Скуластое лицо, опиравшееся на тугую шею, взмыло над столом, крутанулось, подставив моему взору мохнатый затылок, и поплыло к проплешине дверного проёма, с отсвечивающими золотом метинами: В.Г. Бык. Генеральный директор.
Я остаюсь одна. Незнакомая тишина офиса щекочет мои воспоминания. Я родилась вместе с братом. Вся разница между нами — это руки. У него ни одной. Брат рос послушным, даже юношеская привычка не коснулась его чресл. По известной причине… Единственной его страстью был ветер. Как только порывы начинали дубасить в окна, брат выбегал на улицу и становился лицом к рвущим накатам прозрачных волн. Ветер шарил по его волосам, задирал одежду. Таким я его и помню — уродливой занозой торчащим посреди ветряного месива, в расхристанной рубашке, накинутой упругой струёй порыва на его же собственную голову, и скользкой пустотой вместо рук.
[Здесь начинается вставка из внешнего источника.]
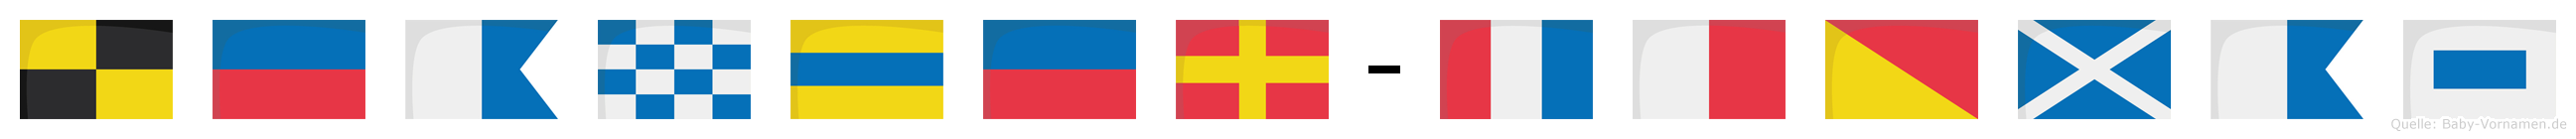 Leander-Thomas im Flaggenalphabet

Умер брат, когда хотел спасти щенка, упавшего в котлован, полный воды. Дворняжка барахтался в метре от берега, расхлюпывая вокруг кусочки гнилой влаги. Для любого выудить щенёнка за шкирку было бы делом времени. Но брат не мог. Он упал на колени, ткнув лицо в рыхлую линию водоёма, вывернул губы и стал пить мощными глотками. Порции вялой жижи хлынули внутрь брата, растягивая кишки.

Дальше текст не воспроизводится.